Monday, March 5, 2007

China: The Musical

(2/20/07)

China is a musical place, and this is manifested in a variety of forms. Most notable is the karaoke (“KTV”) culture, the most enjoyed pastime of Chinese young, old, and everywhere in between. And perhaps this is one source from which the Chinese font of music flows. If a song plays – on TV, on someone’s computer, anywhere – someone will start singing lowly, and another will join. Most Chinese seem to be amateur vocalists, or at least practiced a far stretch from my homeland or my own ability.

But this is not reserved only to the hours Chinese will spend at a time in a KTV room – it’s often just a way to pass the time: strangers on the bus or subway grace you with the son stuck in their head at that moment. Some strangers do it for money, strumming guitars in the underground passages, their hungry notes carrying down the tiled walls, or itinerant troubadours wandering the subways, belting out the most classic Chinese pop love-songs such as “I love you like a mouse loves rice.”

And there are other acts of public musical display. Everyone in China has cell phones, all with fiercely elaborate functions and capabilities. They are constantly busied with one of these, but most often text-messaging one of their 1.3 billion countrymen. Returning from Shijiazhuang, however, I had the poor fortune to share company with someone who used of the other functions included in his handheld-beast: using his phone as an mp3 player, he shared with our immediate area 3 of his favorite musical pieces, one resembling Kenny G just a bit too much…
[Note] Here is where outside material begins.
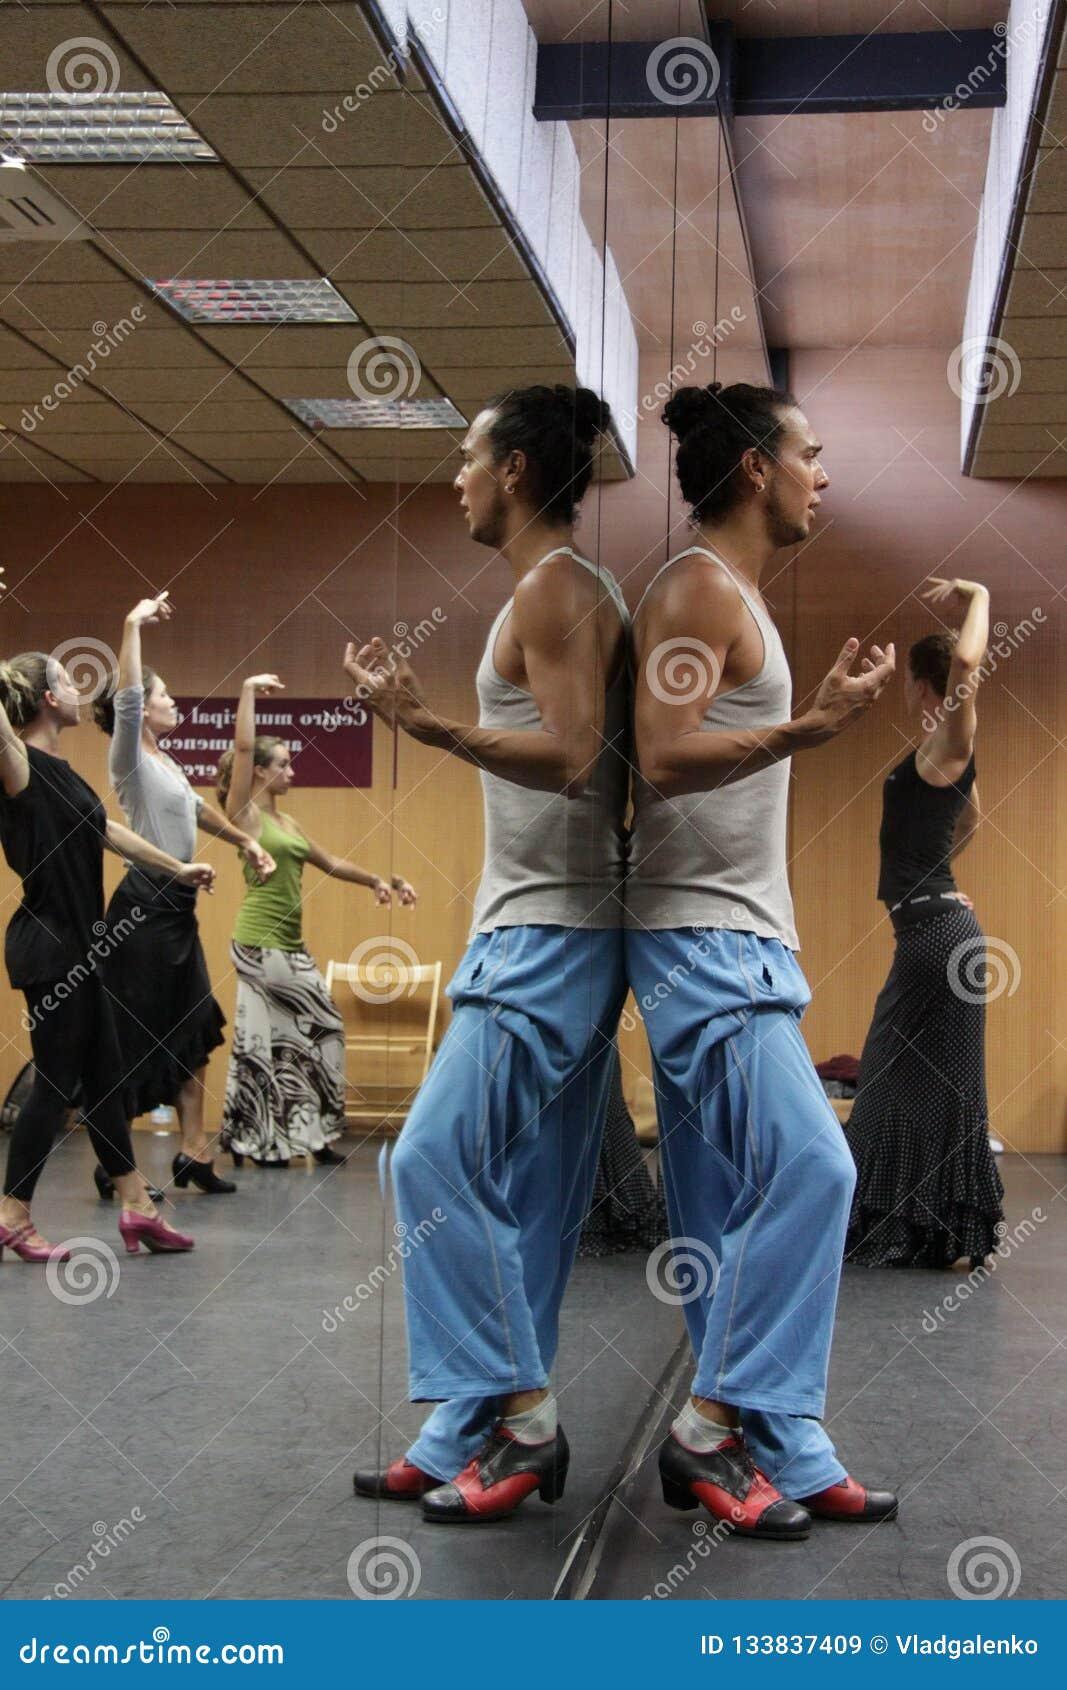 佛拉明柯舞曲老师米格尔巴尔加斯在佛拉明柯舞曲艺术中心'拉梅尔塞'在卡迪士

But if China is a musical, then the Lunar New Year was certainly the finale for me. At sundown on New Year’s Eve, Beijing exploded into a nightlong symphony of fireworks of all gunfire and bomb resembling kinds. We finally went out to watching, finding a show that puts July 4 to shame: 360 degrees of fire works lit up the sky, near and far. Looking down any street revealed group after group into the smoky distance lighting up colorful boxes. The sky burned red and the ground was littered with paper, casings, and sulfur powder. It was all amateur—every cracker, every Roman candle, every sky-burning, thundering flower chasing away bad luck and evil spirits.